One of the many great things that my love for photography has given me is the chance to see and experiences things I have never done or thought about doing. I’ve learned that just by asking around and taking a chance you never know where it might lead you.

For me, going into the local foundry (the last of its kind in my town) called ‘Archibald Young’ with some members of my local camera club not only lead to some great images but also some work with my local council and a Scottish Distillery who wanted photos of their new mash turn parts being made in the foundry.


Here are some of those shots and how we went about capturing them while staying safe in such a working environment.


Having never been to a foundry before, the first thing we did was arrange a date to visit before going down to take photographs.
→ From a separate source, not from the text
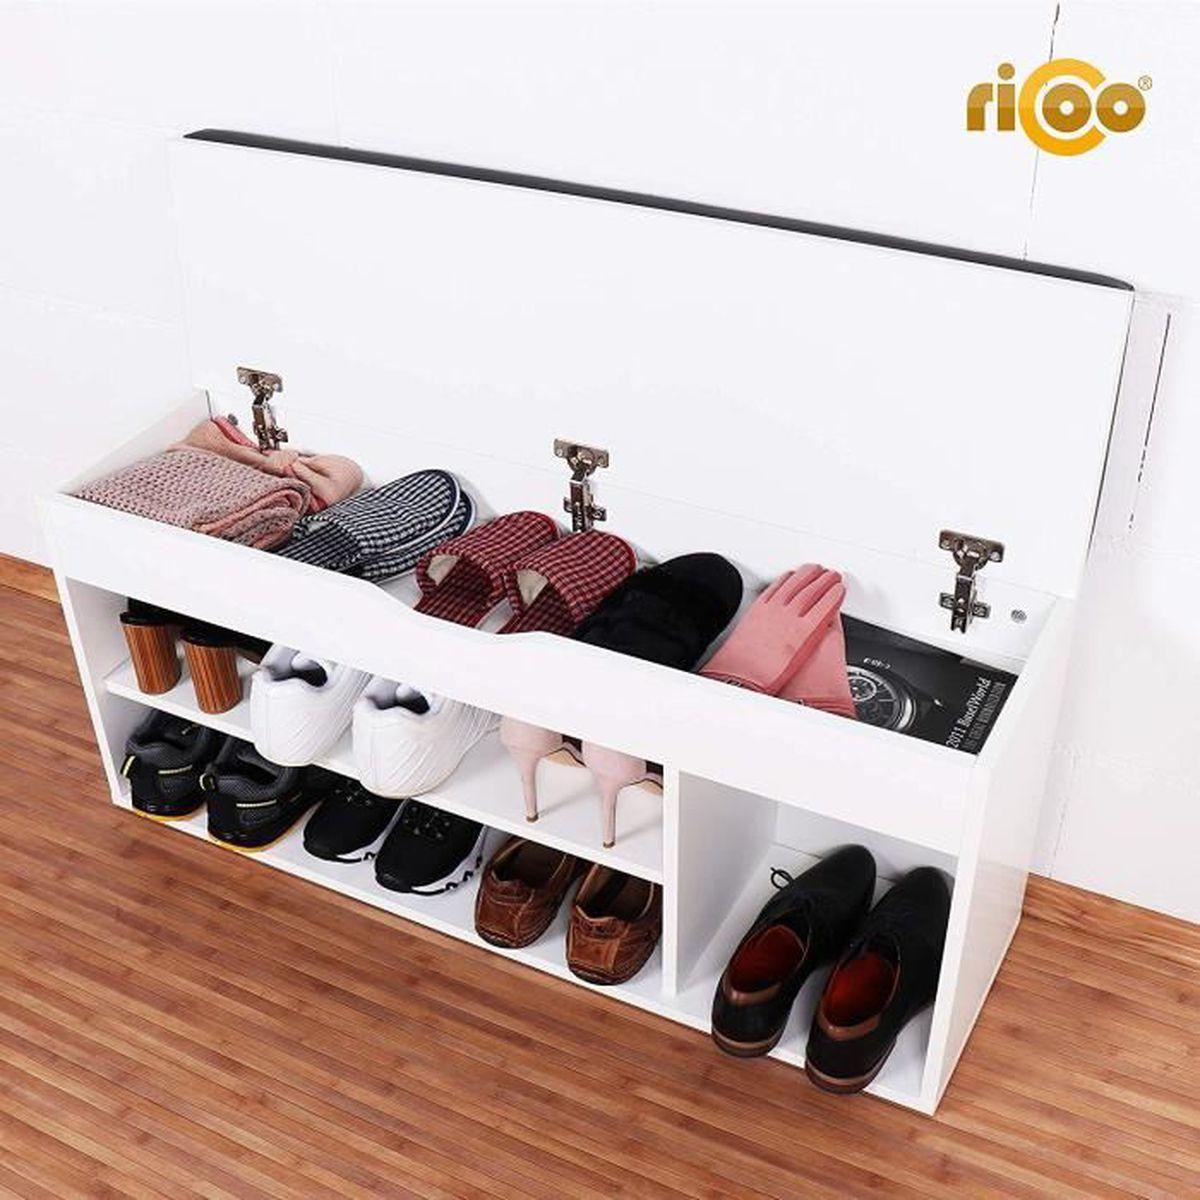 Meuble Rangement Chaussures Entree meuble de rangement pour chaussure wm034-w-a banc armoire
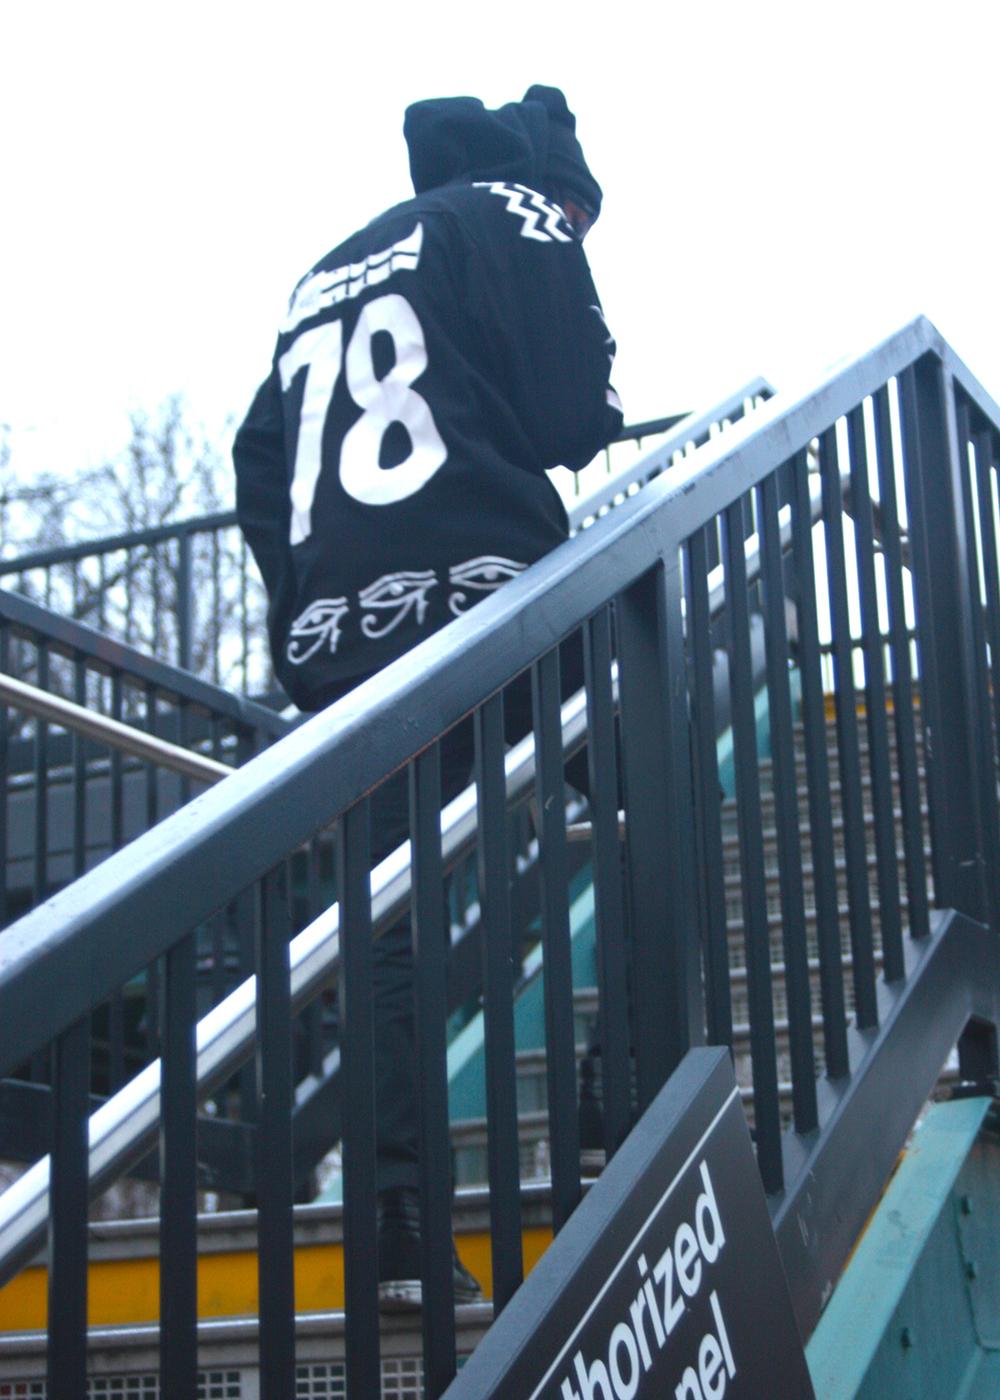 Nirvana (Mishka NYC  Men's Streetwear) Langston Black aka Lang$to Image 15

This gave us valuable information, like what equipment we would need, but most importantly how things work, where we could go and any dangers we had to watch out for (as the last thing anyone needs is an accident where molten metal is involved).

Here were a few problems we had to overcome:

  1. The ladle with the molten metal moves across the floor and is time restricted as the metal mixture would cool
  2. Exposing for the ambient light would over expose the metal, exposing for the metal would make the rest of the frame really dark.
  3. No tripods or light stands were allowed as they posed a tripping hazard.

I knew from experience to make the most from this opportunity we would have to expose the camera for the molten metal and use flashes to bring up and shape the light in the rest of the frame, but doing so meant that the others wouldn’t be able to take as many photos since they would be in essence a voice activated Light stand.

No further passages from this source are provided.